• **DATA**:
^^^^^^^^^^^^^^^^
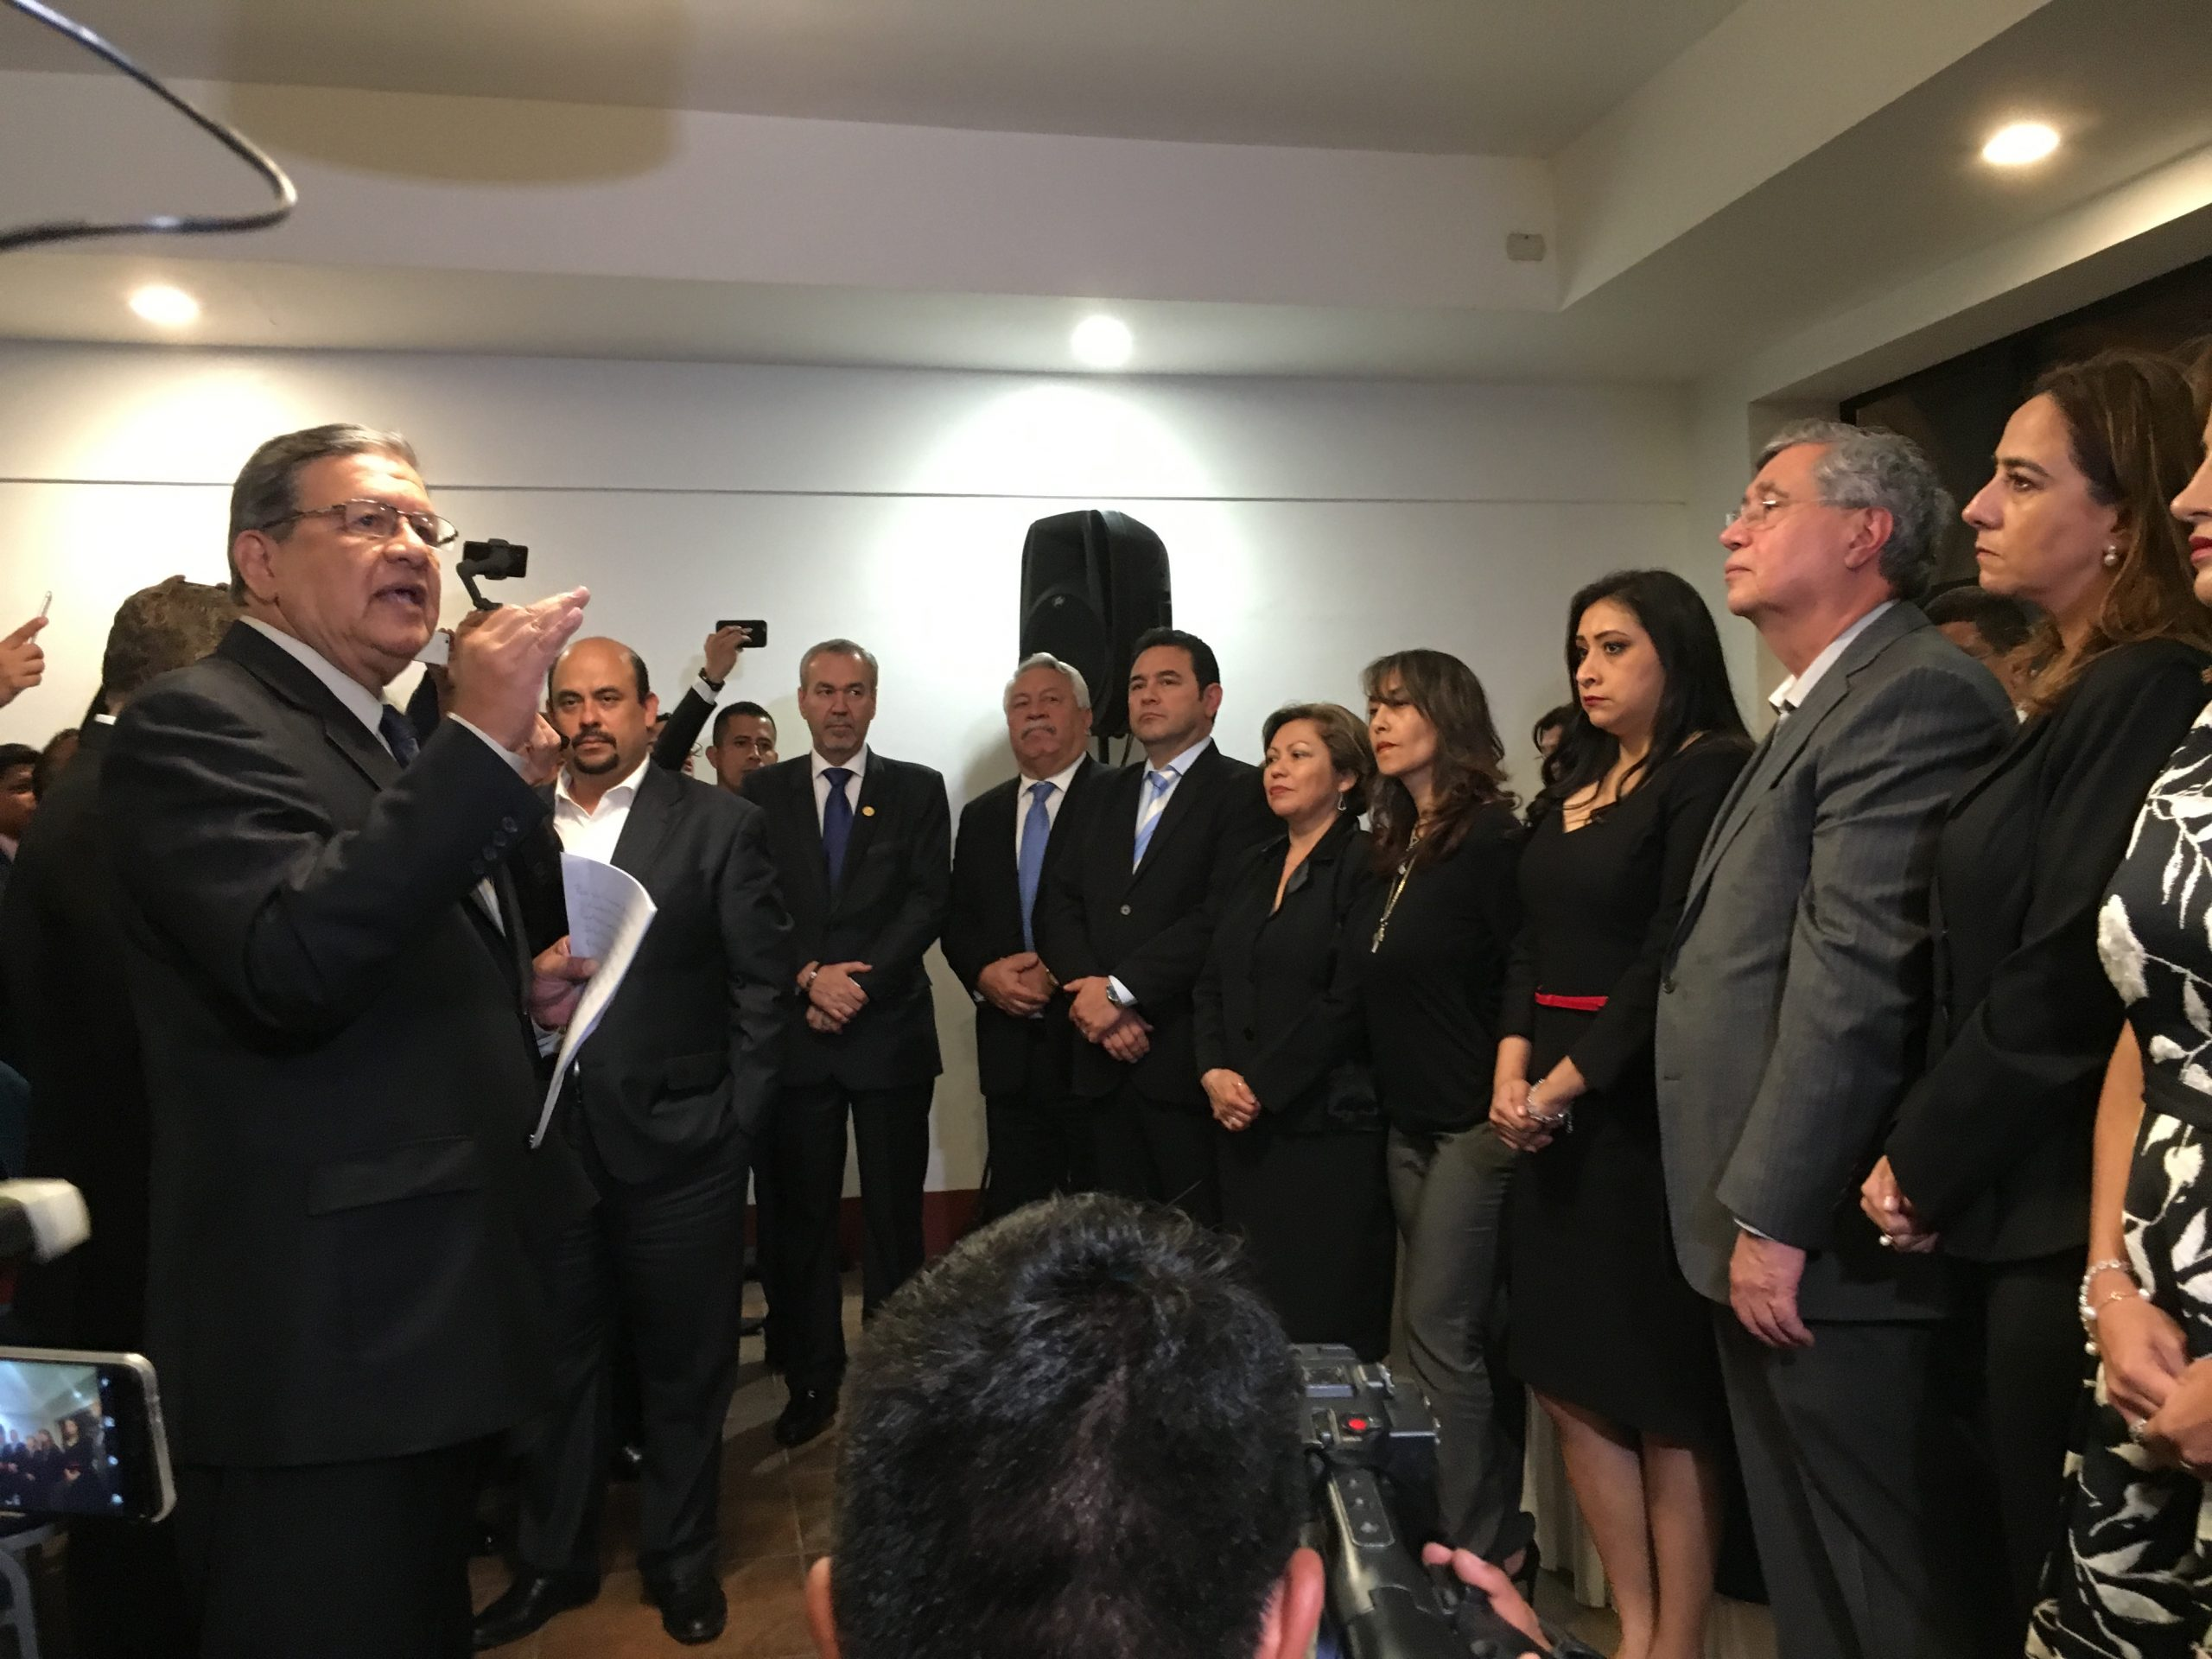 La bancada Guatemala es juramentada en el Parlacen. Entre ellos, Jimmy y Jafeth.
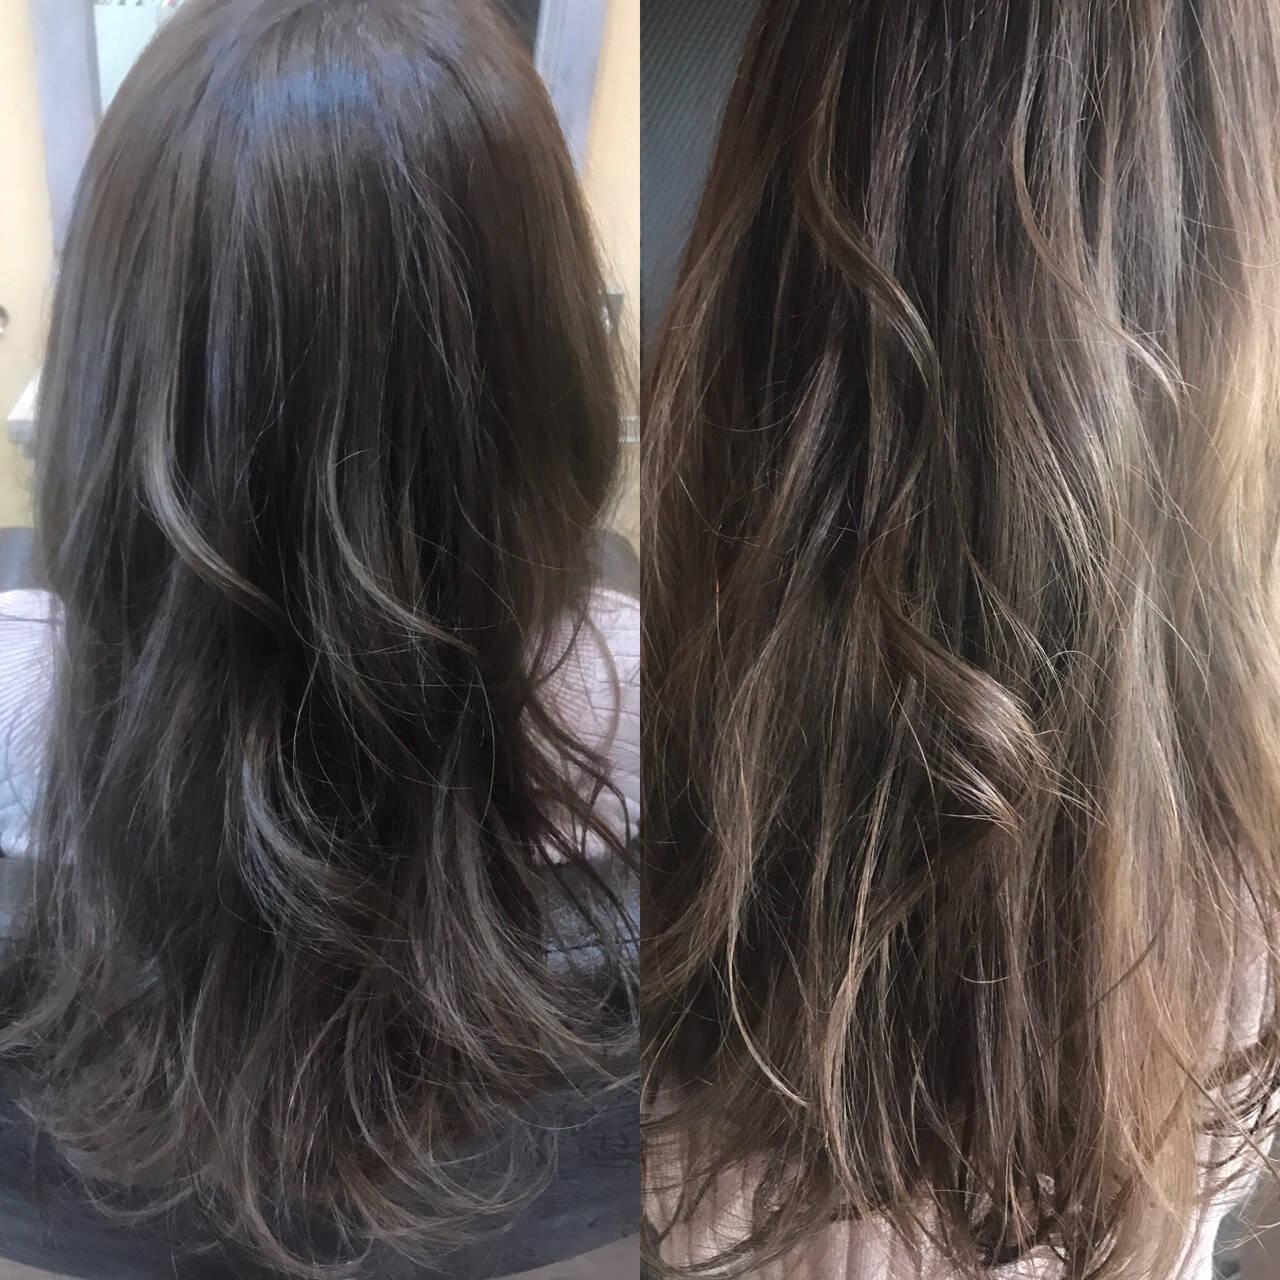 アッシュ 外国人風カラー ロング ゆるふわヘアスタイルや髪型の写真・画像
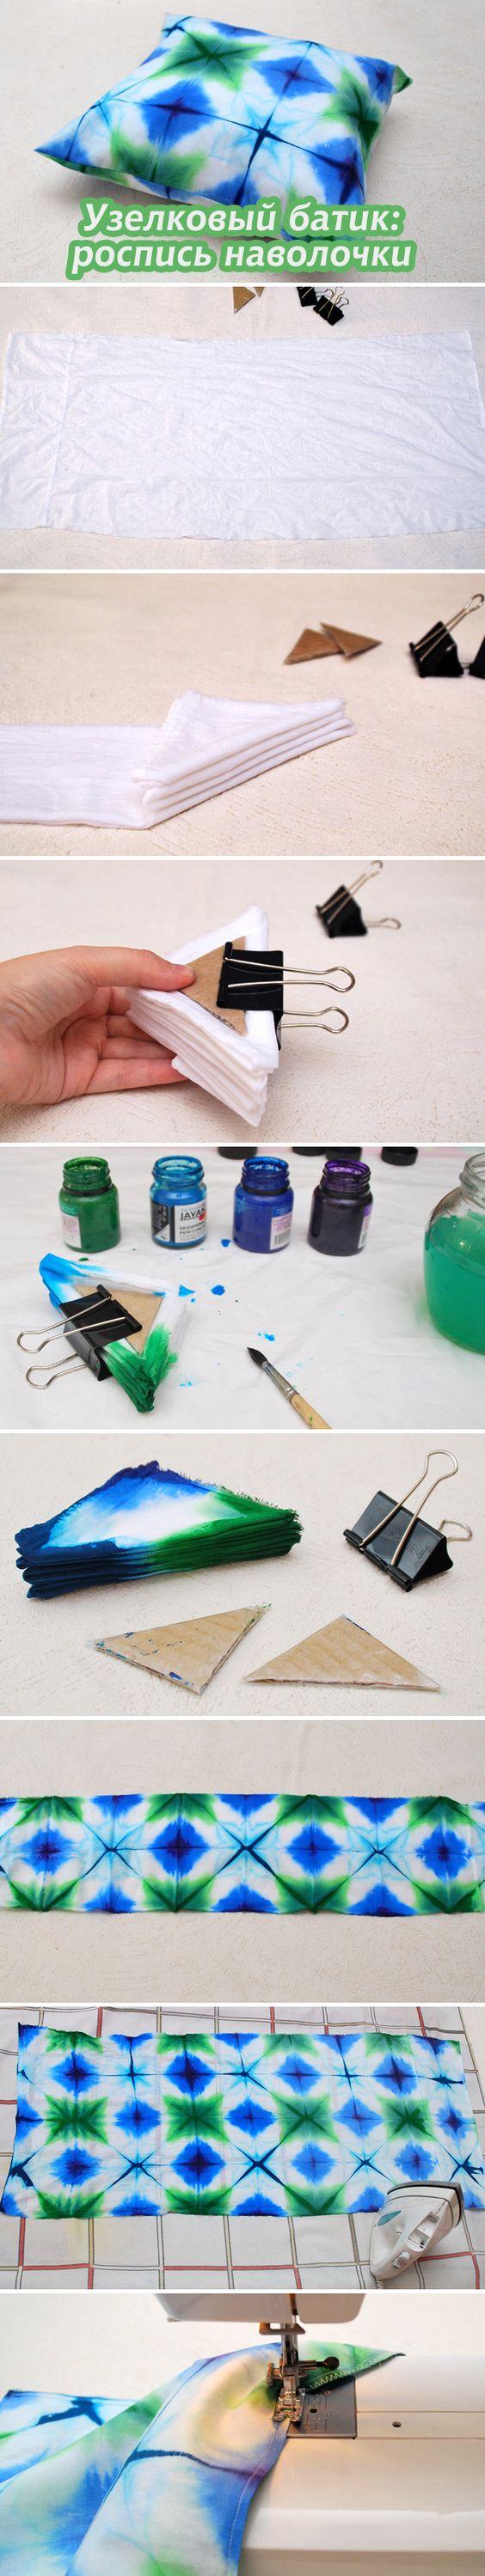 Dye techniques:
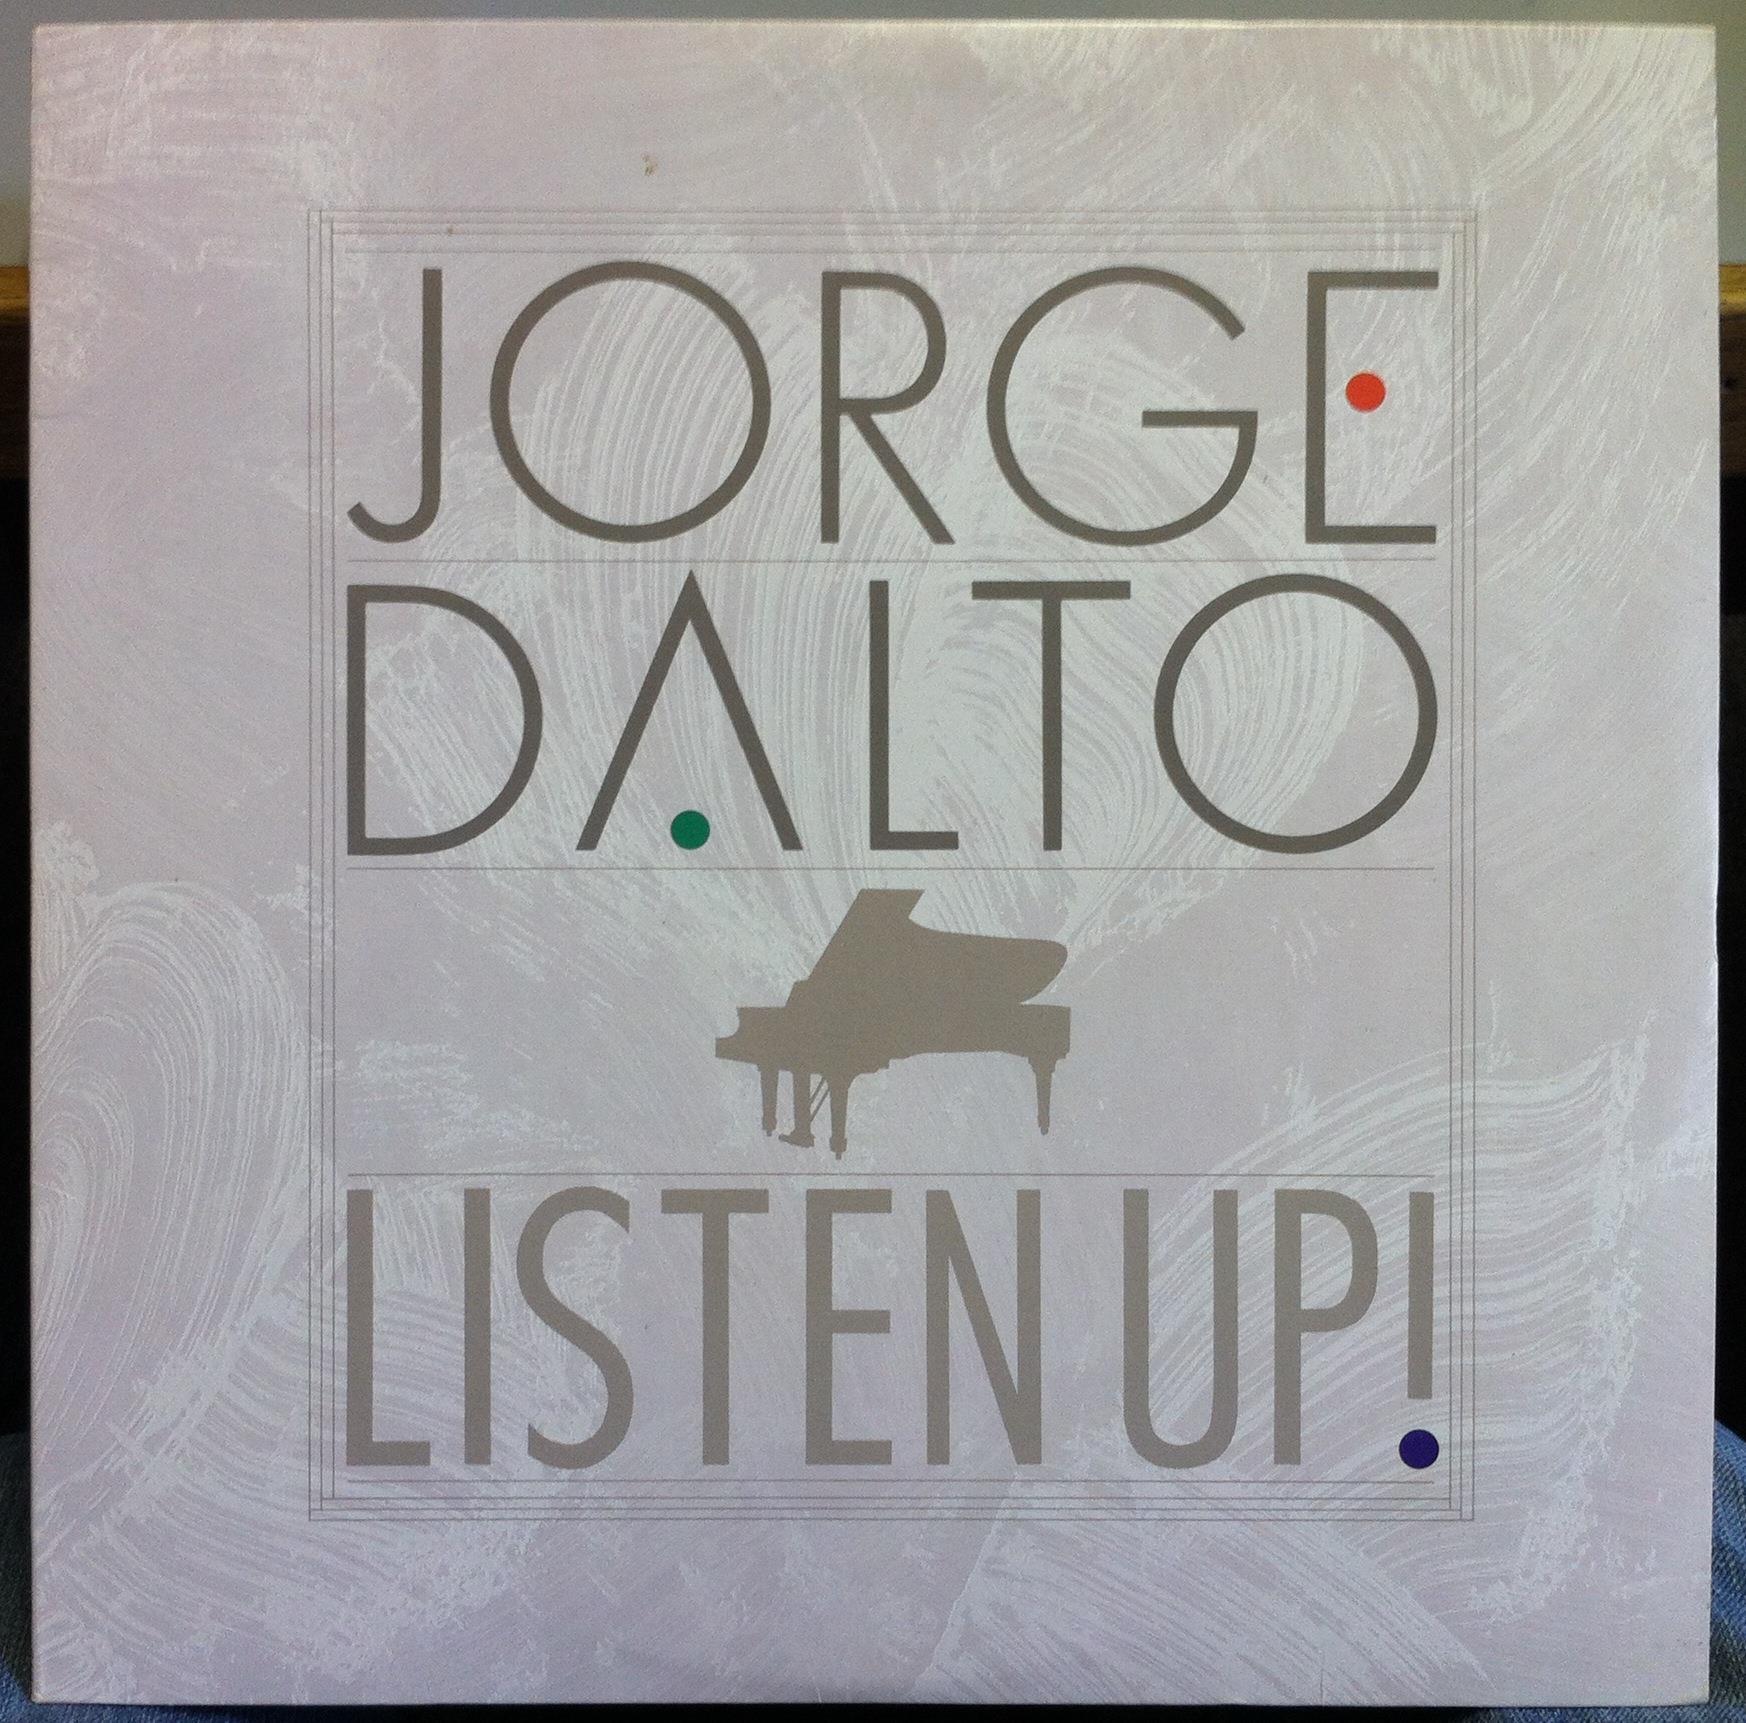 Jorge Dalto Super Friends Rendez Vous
^^^^^^^^^^^^^^^^
• **BRIEF**: Here the job is to print the data above exactly, except for any pictures.

• **YOUR RESPONSE**:
 La bancada Guatemala es juramentada en el Parlacen. Entre ellos, Jimmy y Jafeth.
 アッシュ 外国人風カラー ロング ゆるふわヘアスタイルや髪型の写真・画像
 Dye techniques:
 Jorge Dalto Super Friends Rendez Vous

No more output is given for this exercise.